Friday, February 18, 2011

False Spring


Figure 1.1
February 17. 65 degrees in SE Ohio. Our minds shift to "April" "earth," "skirts." We check lawns for daffodils-in-the-making, our laundry remembering how to flap. No one checks the 10-day forecast. We don't want to know.

Figure 1.2
On my way to play piano for a college ballet class, I spot a sunflower the size of my palm on the sidewalk ahead. Escaped from a bouquet? I think, excited, Or a sign that spring's settled in? I reach down to be its rescue--find out it's plastic. The rest of my day feels the same.

Figure 1.3
A college town openly displays its secrets, especially when snow finally melts. Crushed green glass and leopard bikini briefs, abandoned; an open pizza box with a necklace inside; cigarette butts, the tail-ends of conversations never finished. This time of year, the ground can reflect us.

Figure 1.4
For seven weeks, I gently build up to two questions, give my college students hard homework: What does it mean to be a writer in a time of war?, What would you ask a soldier if you could ask anything? Only half the class shows up to answer. I come home and pull the covers over my head, just another bulb.

Figure 1.5
The full moon pulls out dreams like silk pajamas from open drawers. For weeks, my sleep's been filled with characters in plain dress, actors in bonnets or suspenders pretending to be something they're not. I am the one who calls them out, reveals their false identities.

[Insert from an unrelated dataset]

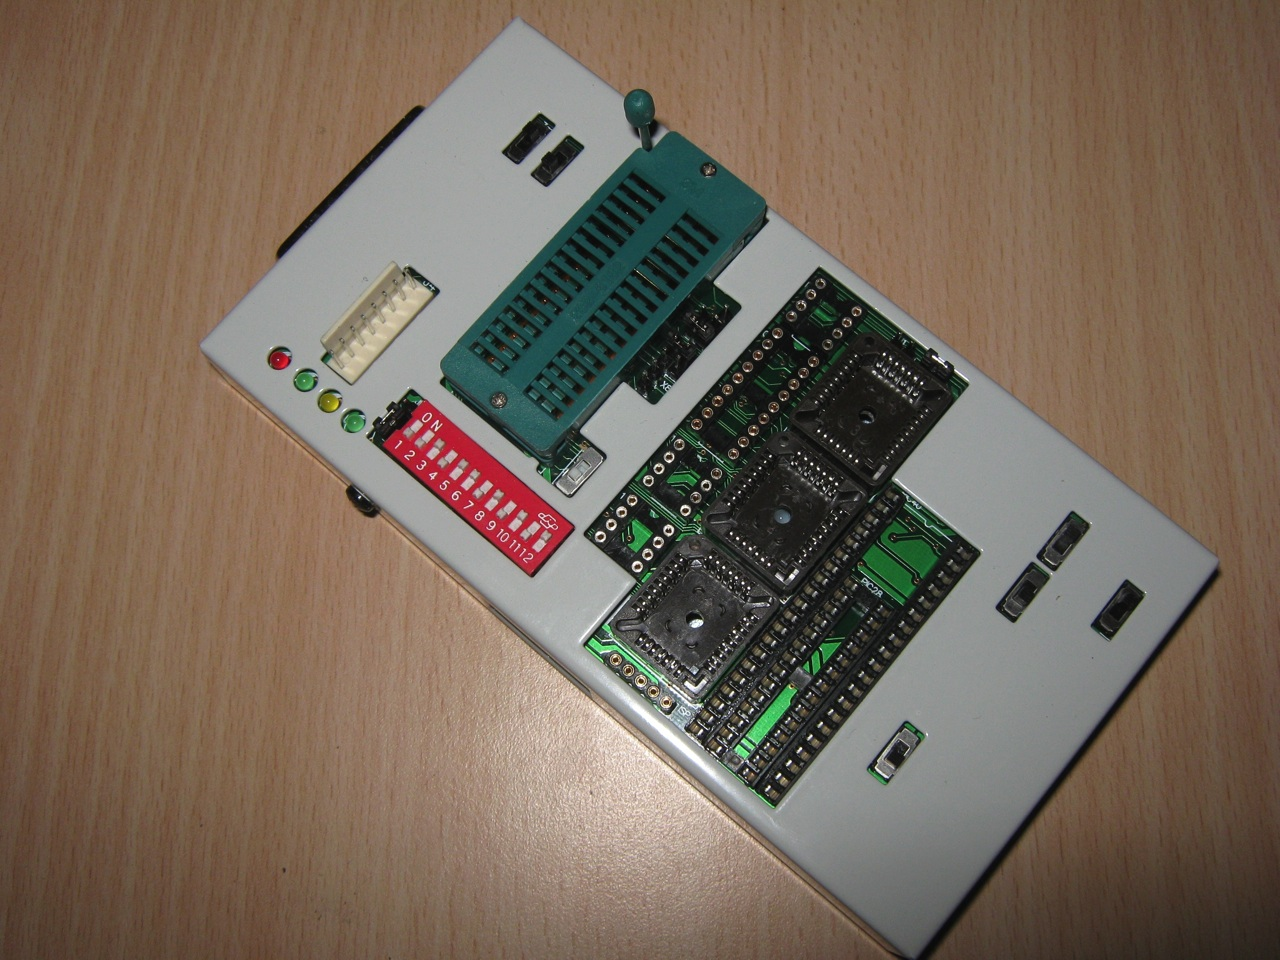 Unboxing Willem Pro 4 Isp Programmer Nightfall Blog Atmel Chip8051 Programmeratmel Circuitatmel

Exact accusations from these dreams: "Who's your bishop?," "What have you given up?," "What's your favorite cheese?" The question I get most often about my upbringing: "What makes you different from me?" Sometimes, it also feels like accusation.

Figure 1.5a
Last night, I was going to build a house on the edge of my grandpa's farm--but in the dream, I didn't recognize the land. I wake up frightened.

Figure 1.6
The wind stirs up more questions, allergies, afternoons under the covers. How long can a Mennonite last without community?, Have the squirrels eaten all the daffodil bulbs?, Could my students spend a whole day in silence? Could I?, Who will shake our lives gently, tell us, 'Shhhh--You've just been dreaming'?

Figure 1.7
Even Thoreau kept secrets hidden by the louder things he said, had his mother do his laundry. The wind blows our socks from the clothesline and into the woods. The president gives a speech. We forget what we're funding. It's too warm to care. I may never know what my students have learned from me.

Figure 1.8
Accepting the shape of one life takes practice. Remember asking for someone to help you trace the outline of your body on a sheet of torn-off paper? Did you recognize yourself as only border? I swear, just now, I smelled what the garden could be.